### [Directions]
No pictures should appear in the copy. Reproduce exactly the lines from the one containing "TOURIST INFO PATERNA" through the end of the material below.

### [Data segment]
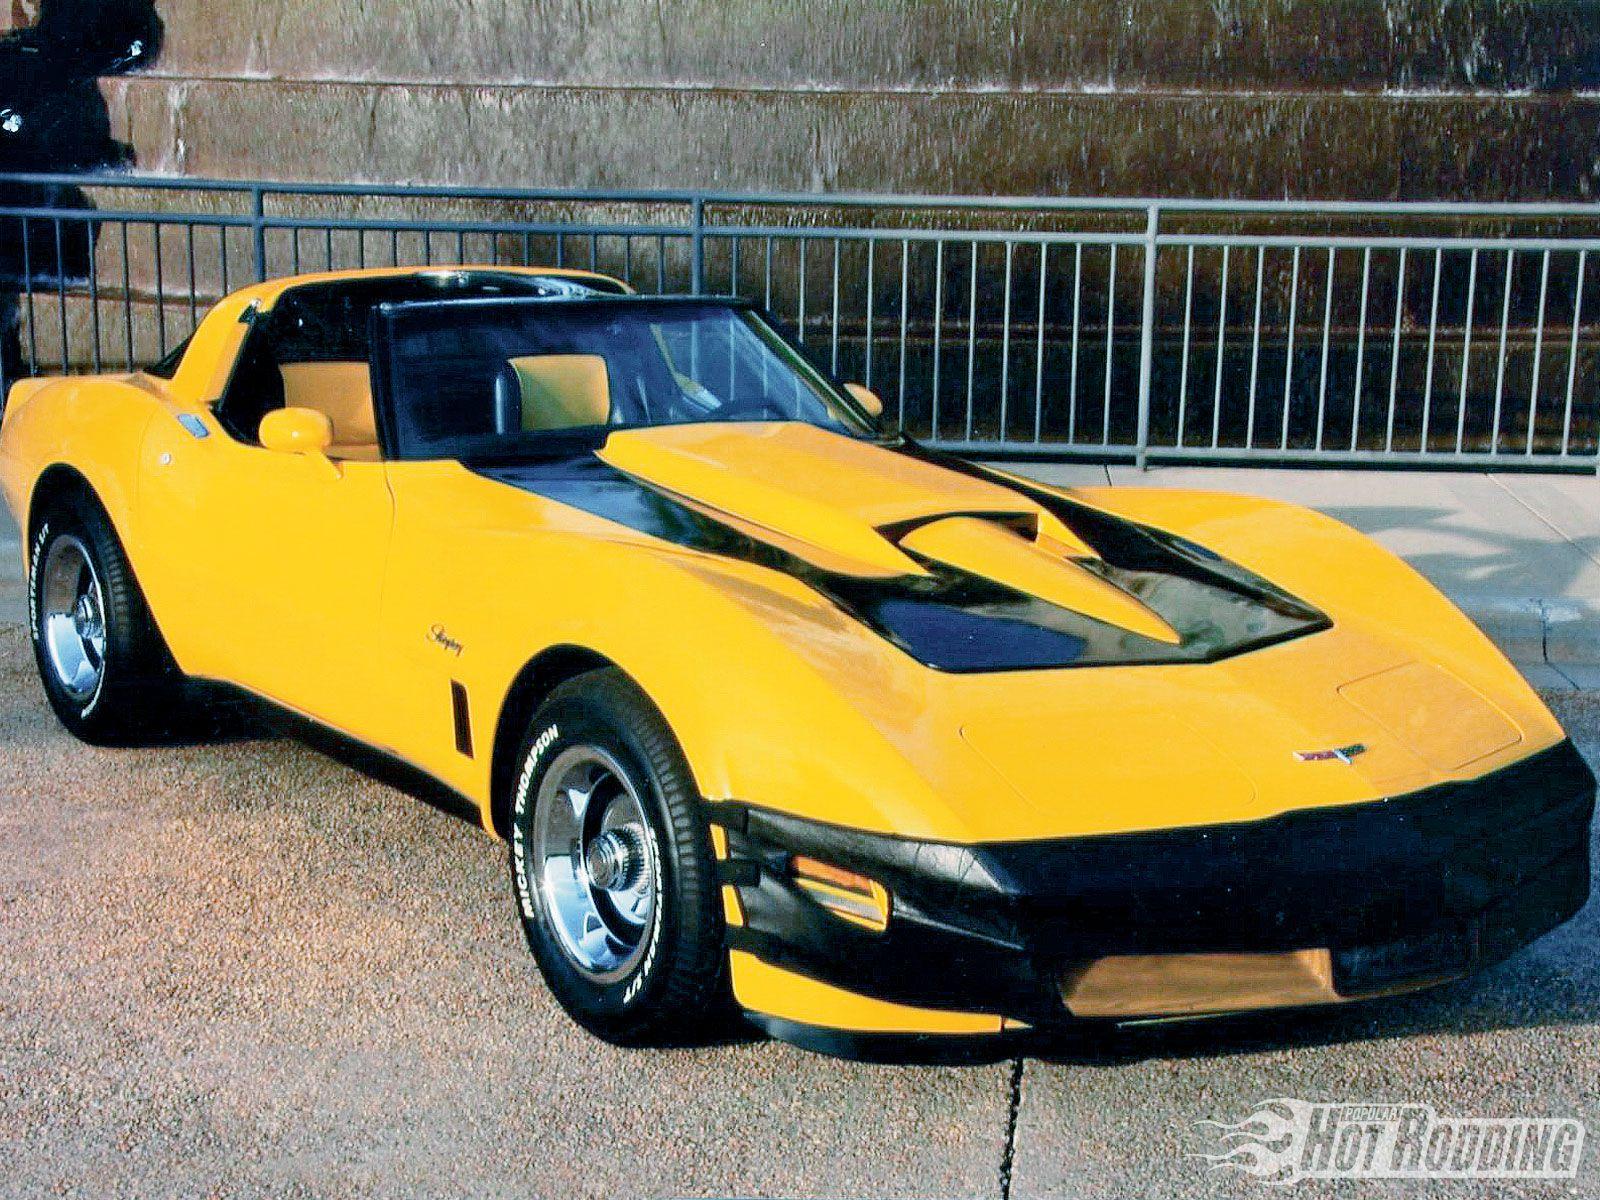 1980 Chevy Corvette Convertible. Maintenance/restoration of old ...
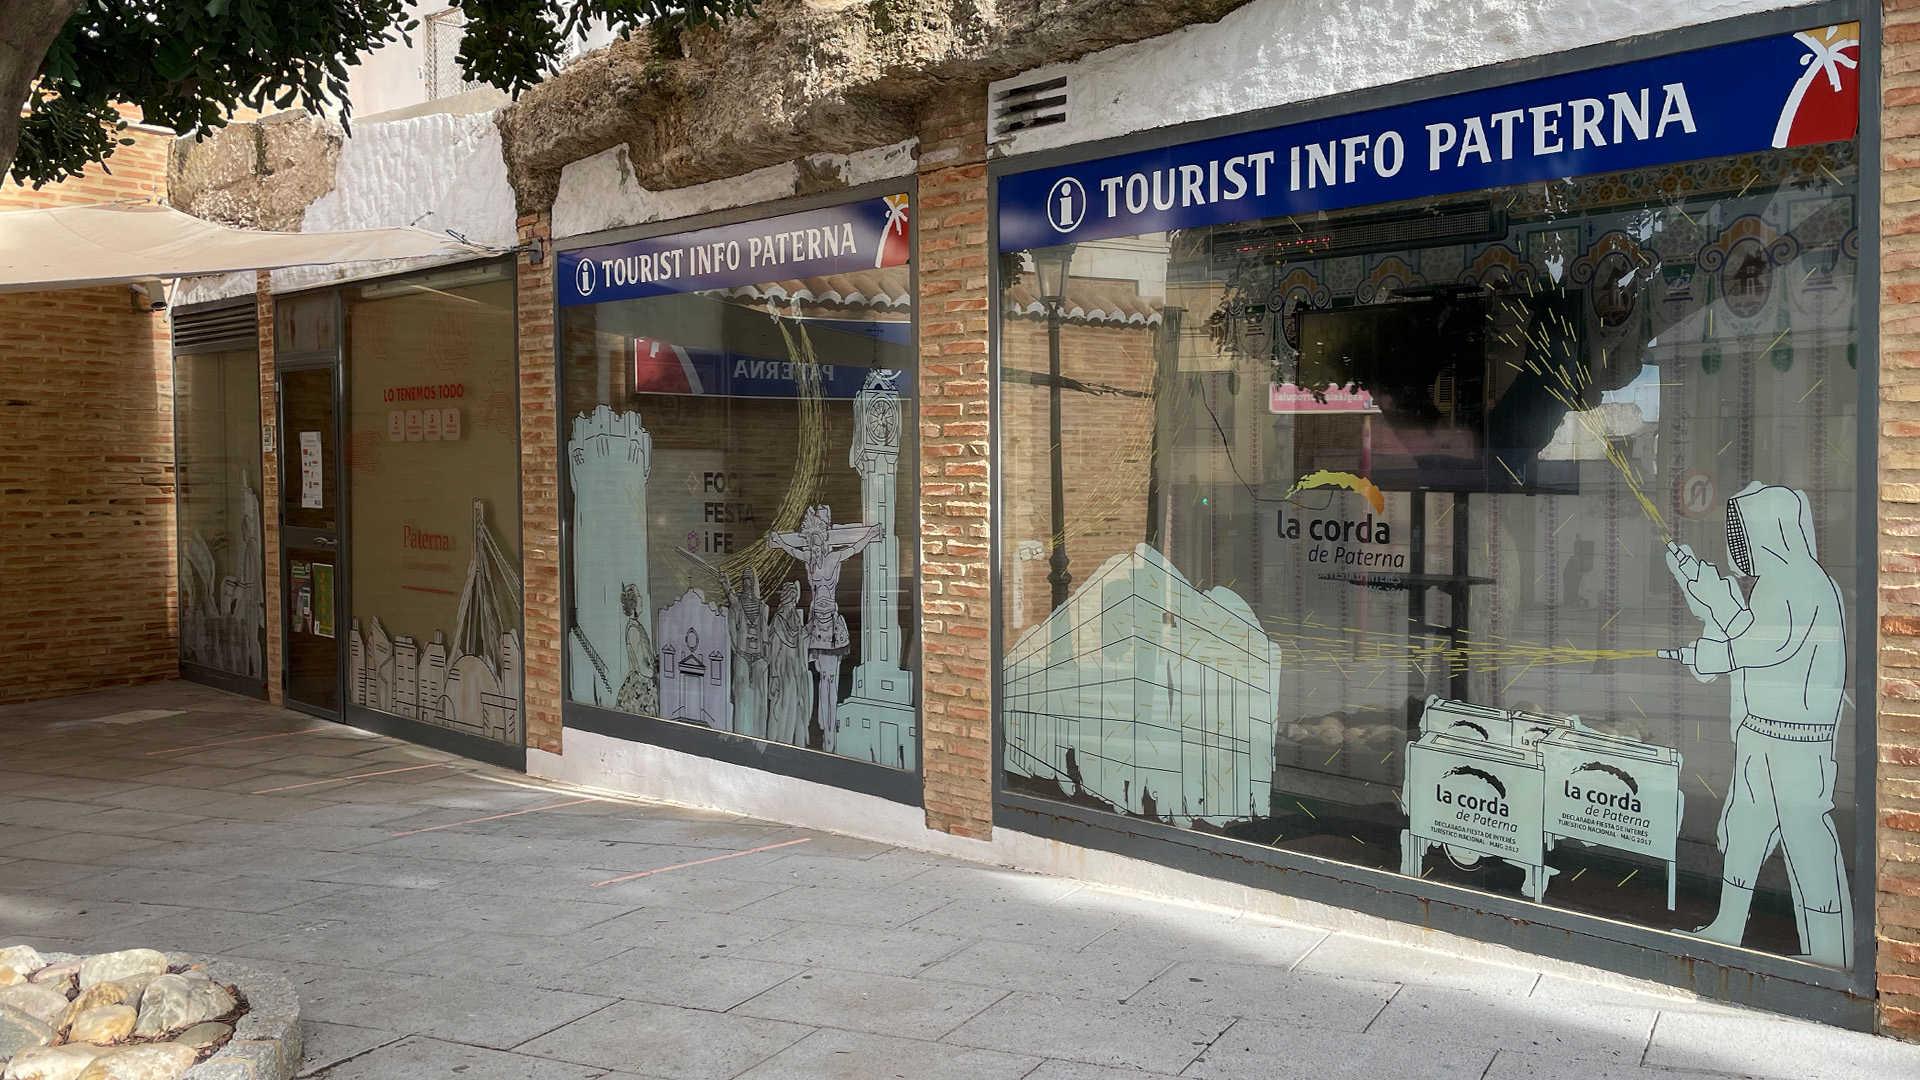 TOURIST INFO PATERNA
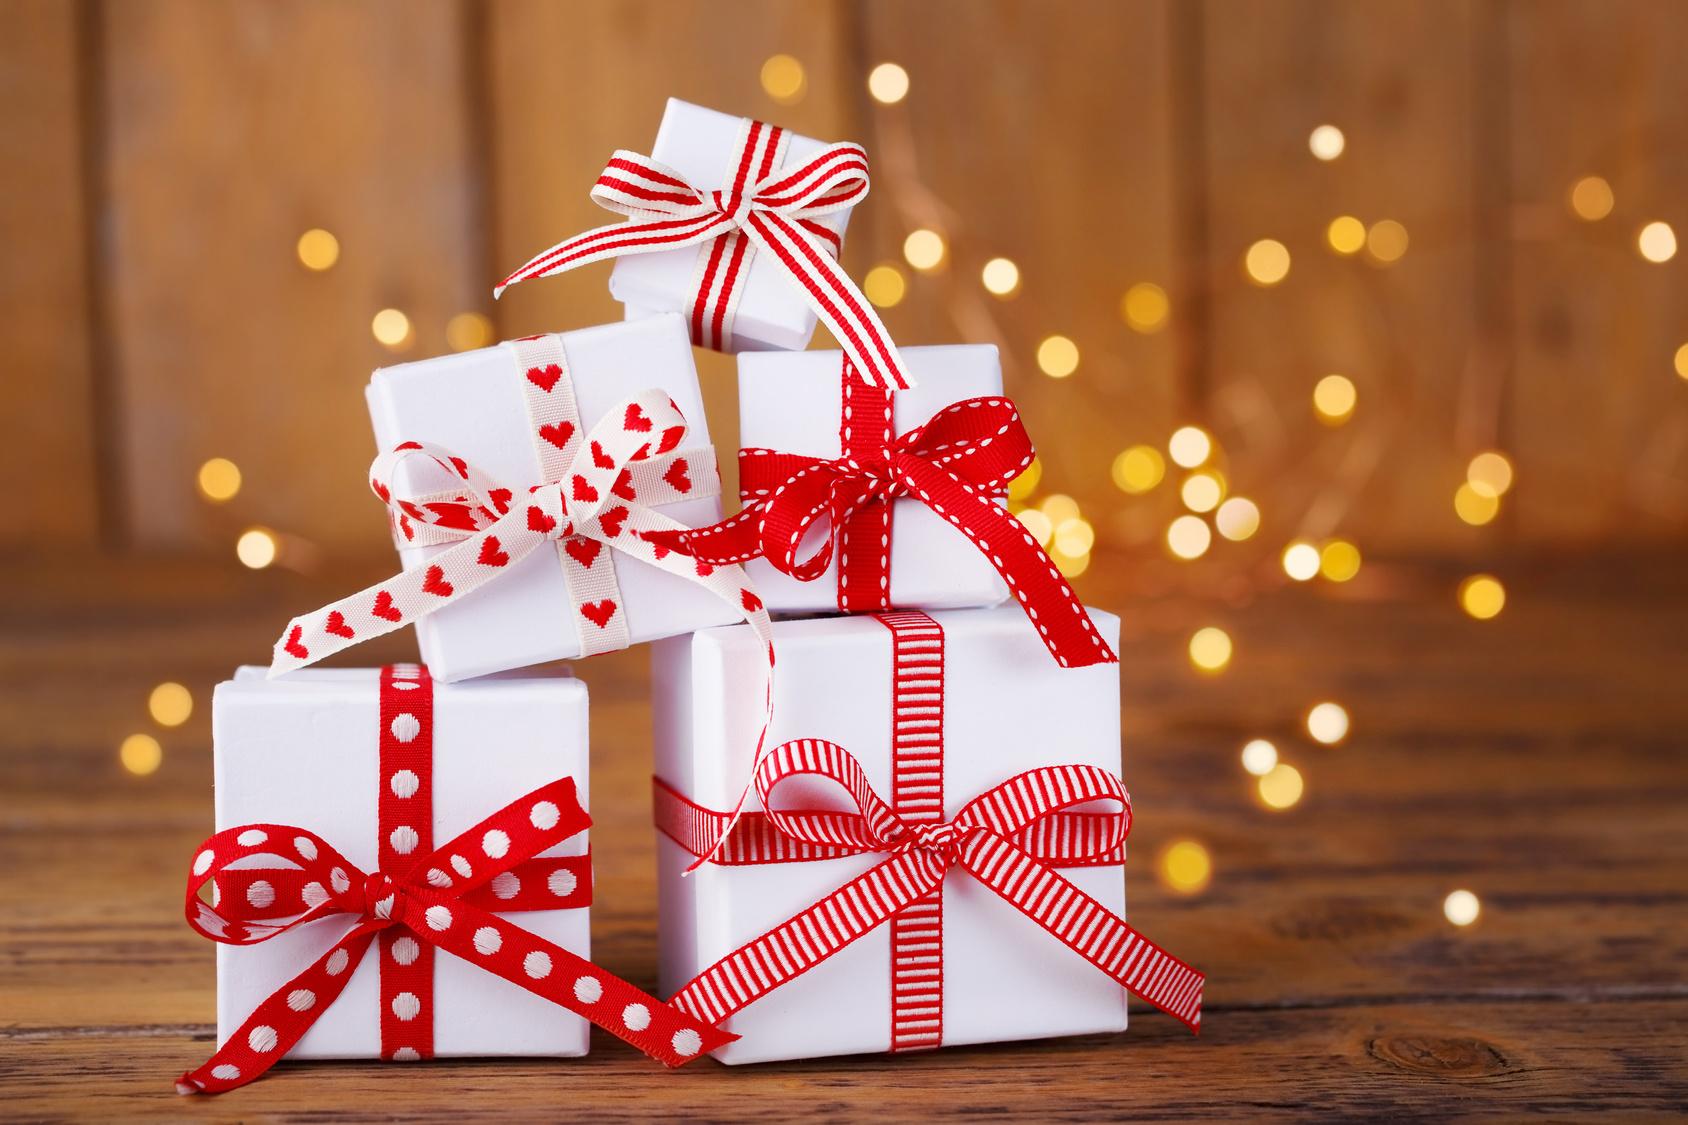 Pflegeprodukte & Geschenkideen

### [Solution]
 TOURIST INFO PATERNA
 Pflegeprodukte & Geschenkideen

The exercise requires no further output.